BEGIN Dataset content

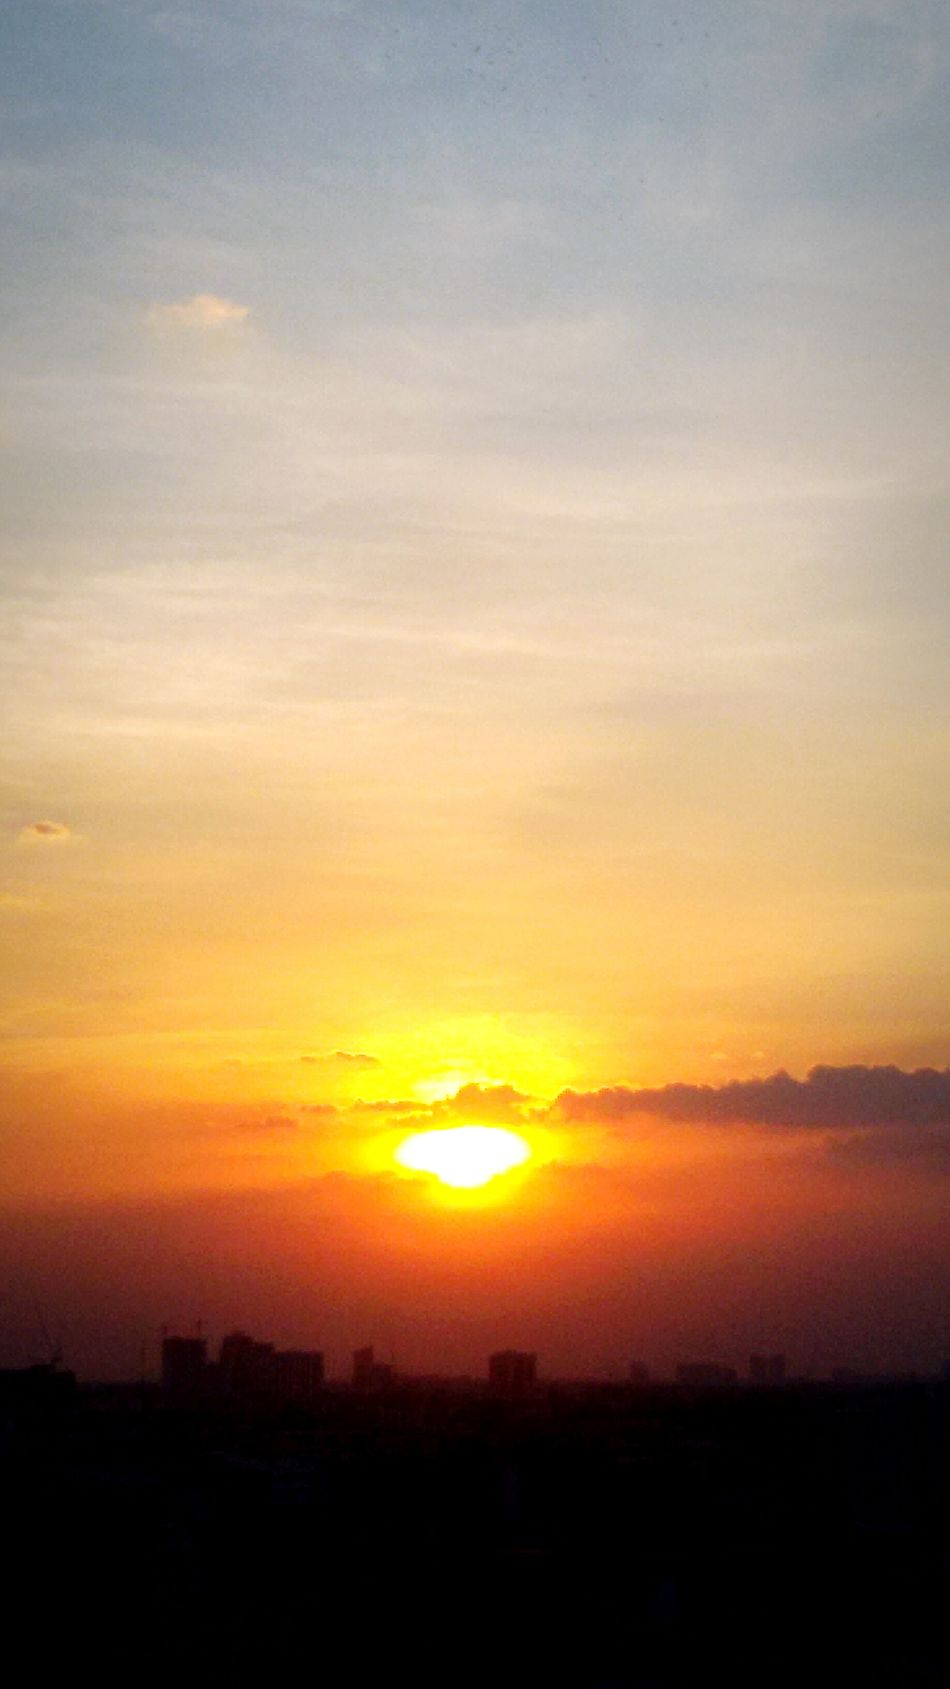 Sunset, Sundown, early Night, Bangkok cityscape, Thailand, Getting In Spired. .
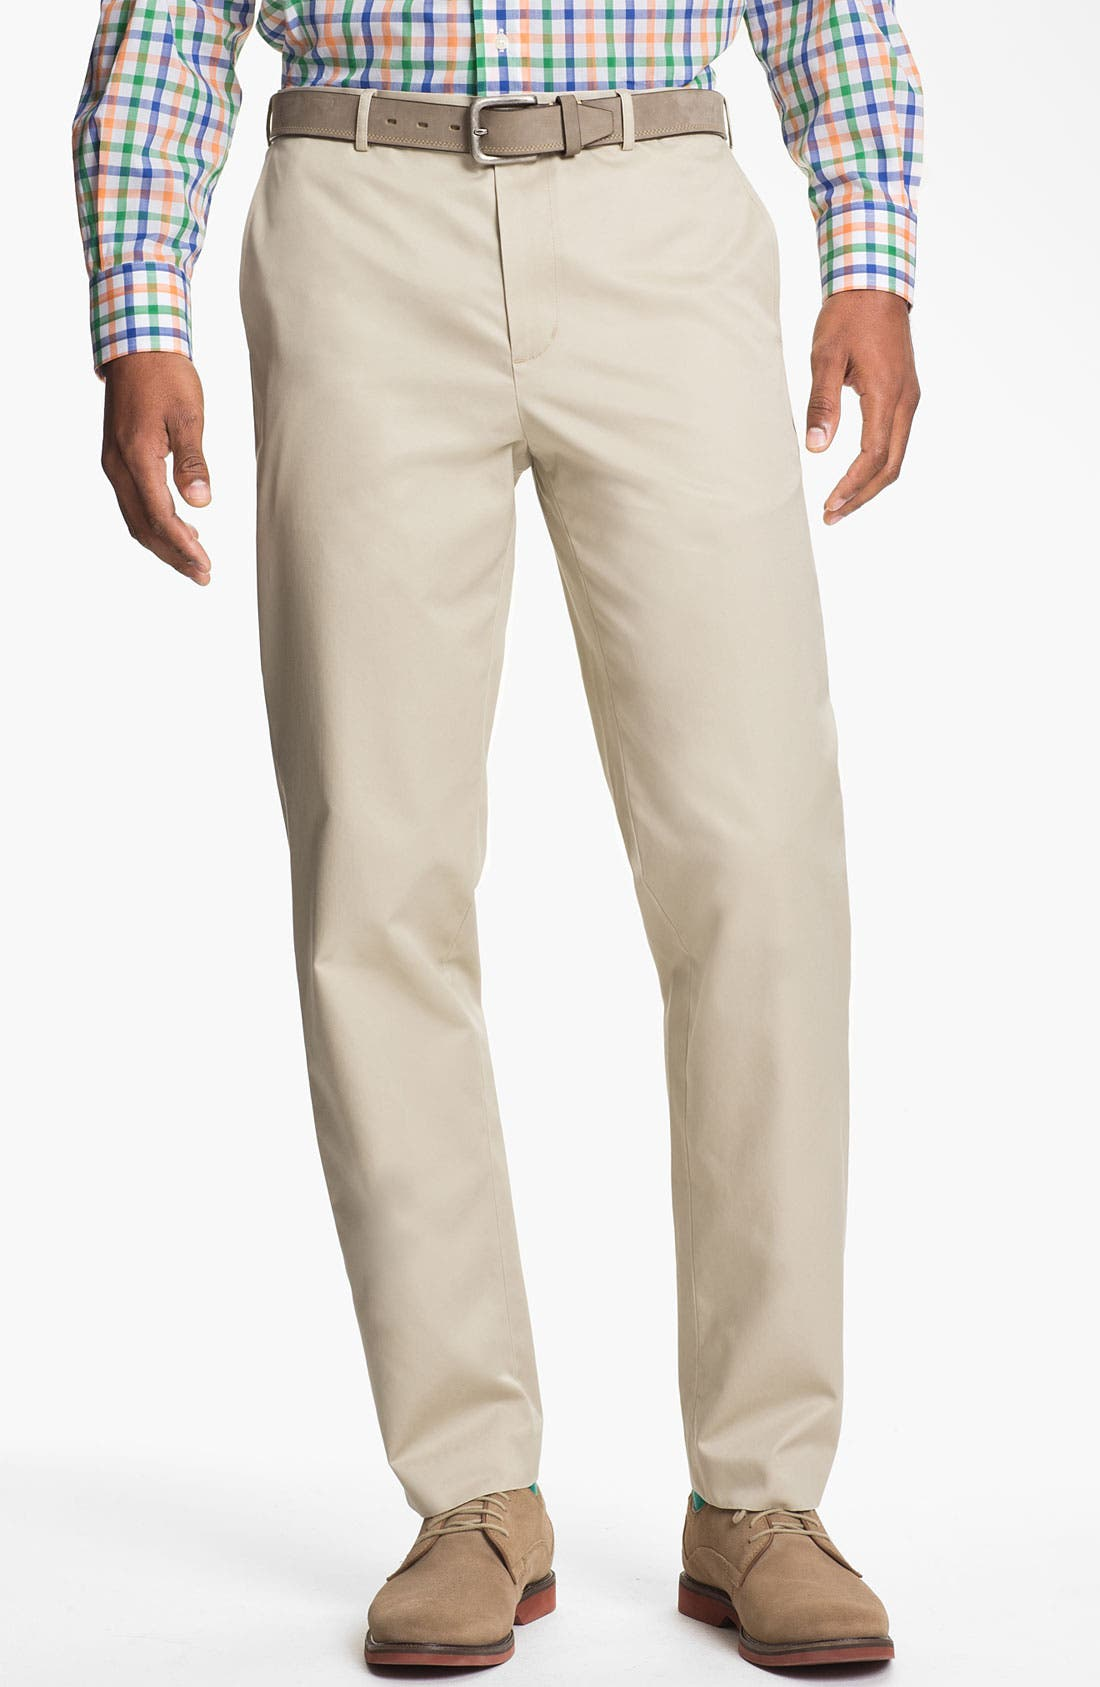 Alternate Image 1 Selected - Calibrate Flat Front Non-Iron Supima® Cotton Pants
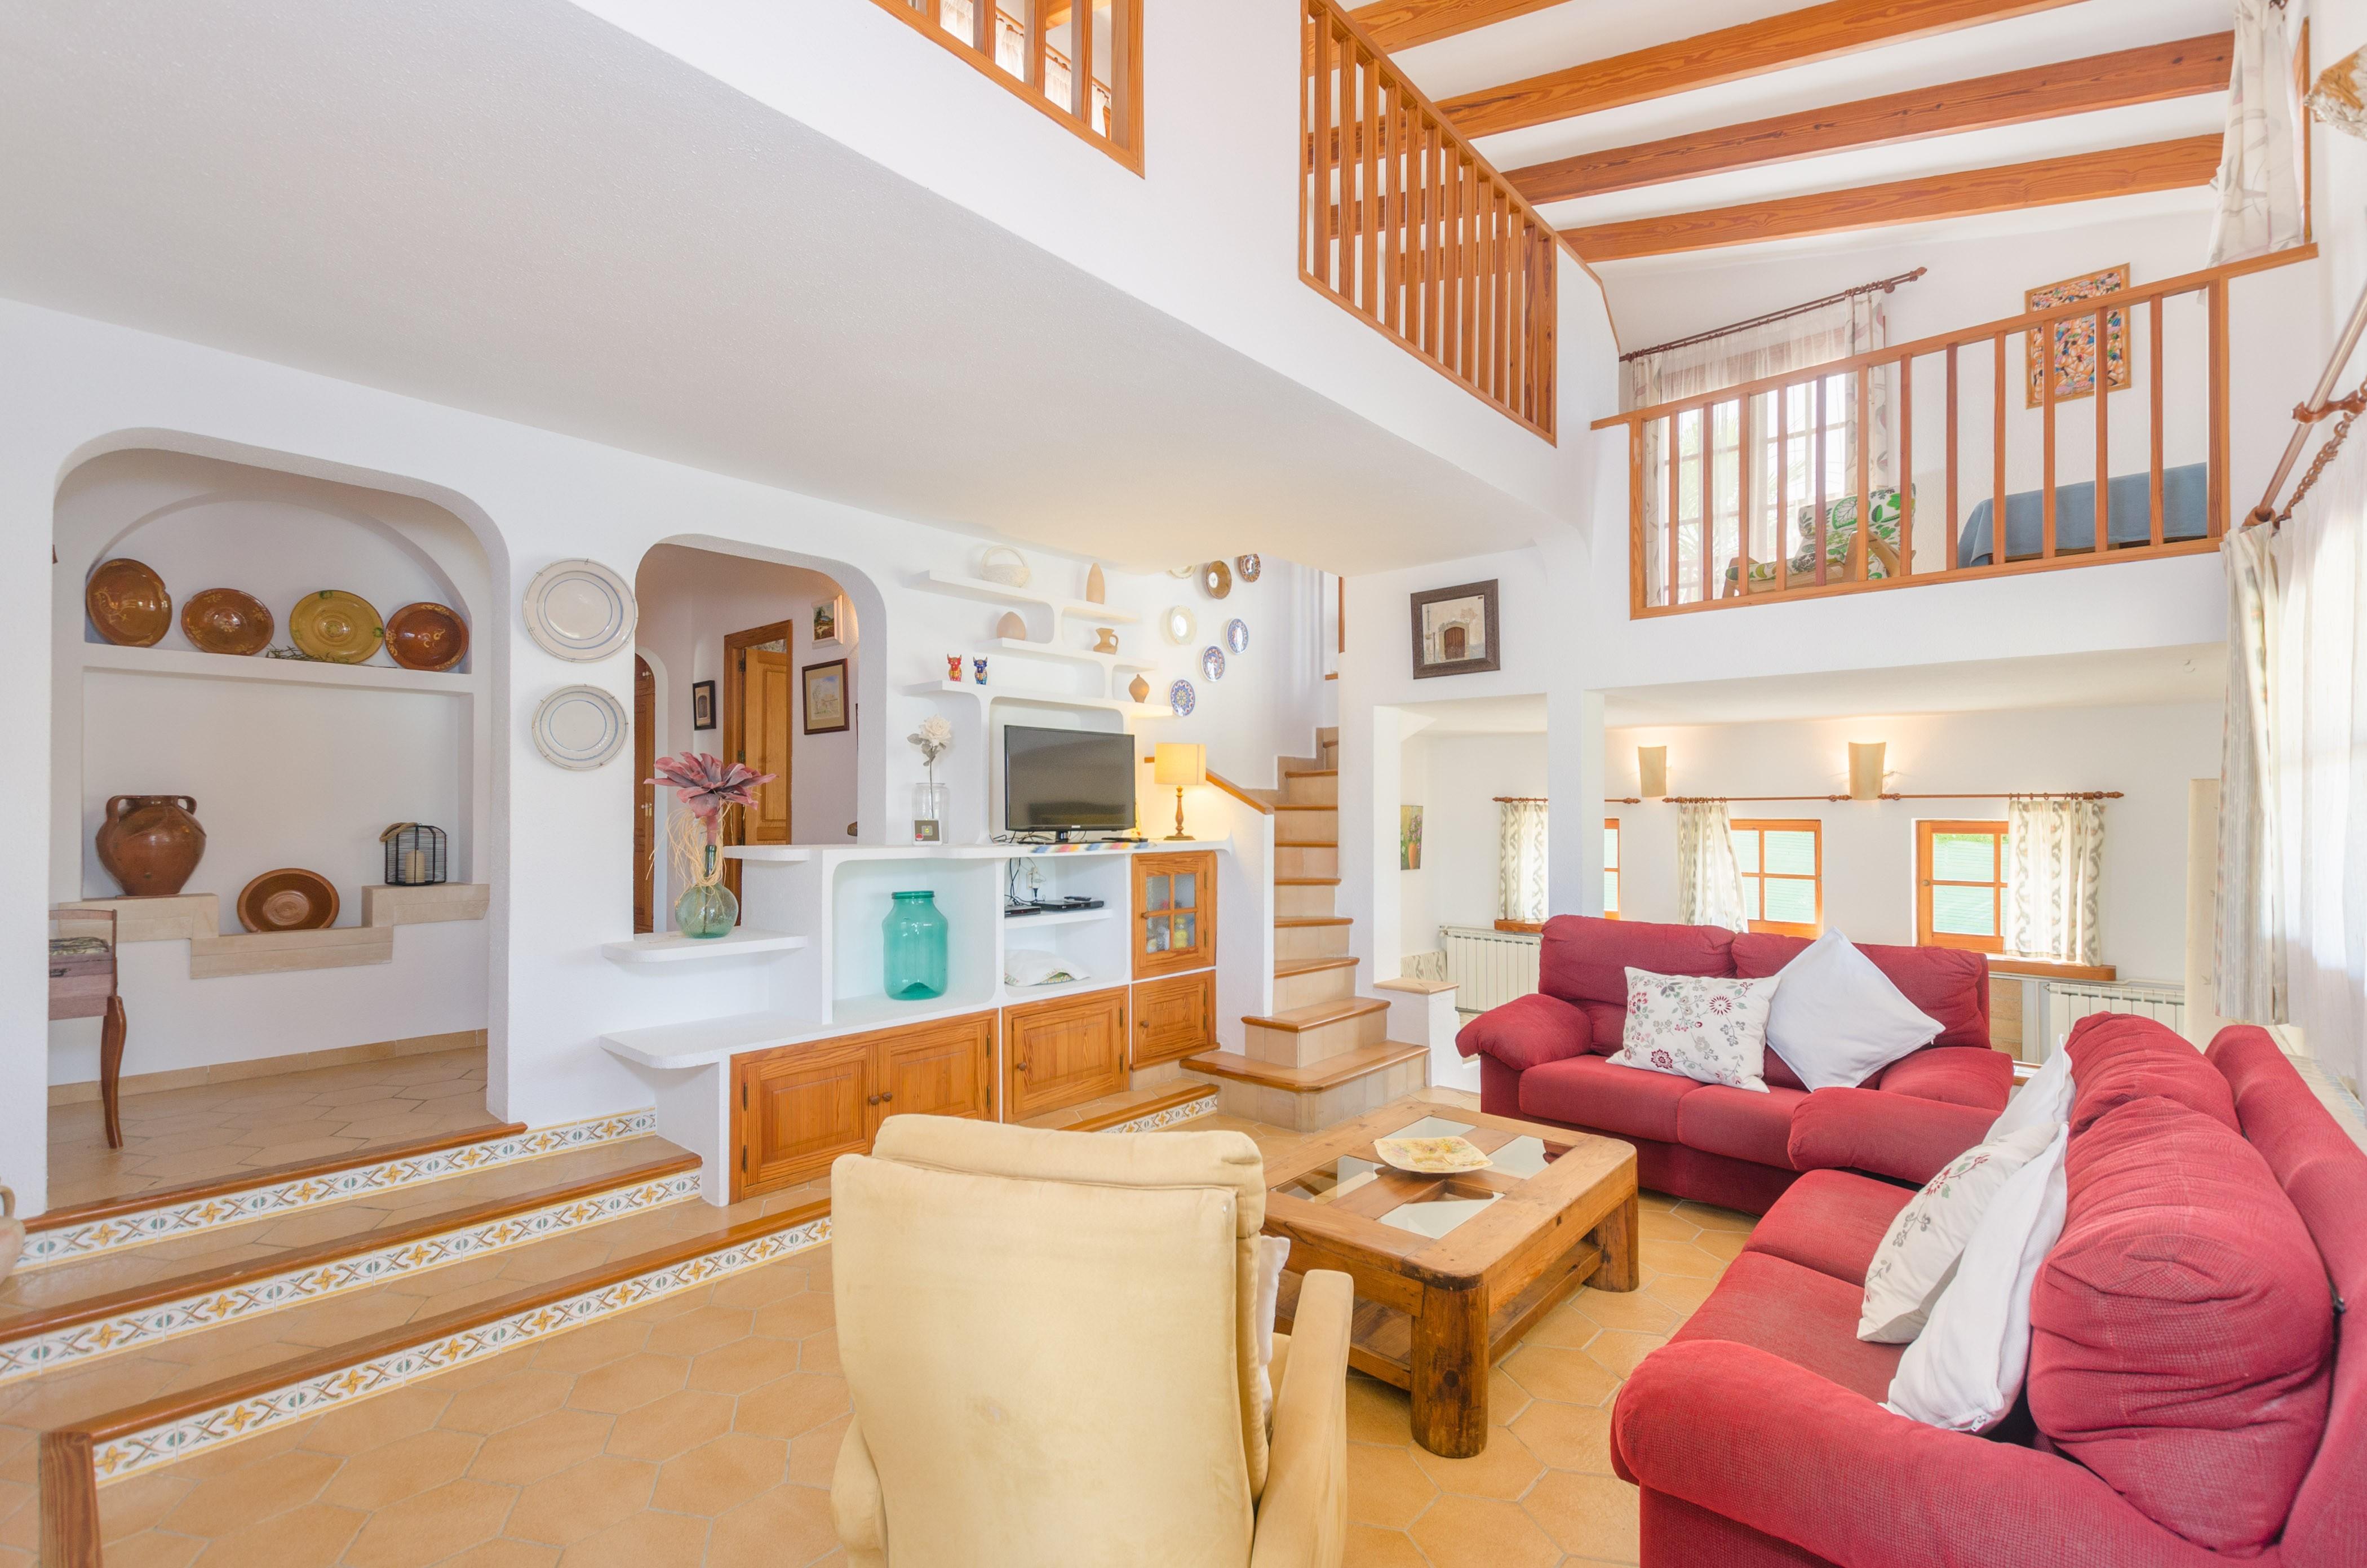 Maison de vacances SA SINIA (2374876), Lloret de Vistalegre, Majorque, Iles Baléares, Espagne, image 16

END Dataset content

Please output the material above again, exactly, and omit every image.

 Sunset, Sundown, early Night, Bangkok cityscape, Thailand, Getting In Spired. .
 Alternate Image 1 Selected - Calibrate Flat Front Non-Iron Supima® Cotton Pants
 Maison de vacances SA SINIA (2374876), Lloret de Vistalegre, Majorque, Iles Baléares, Espagne, image 16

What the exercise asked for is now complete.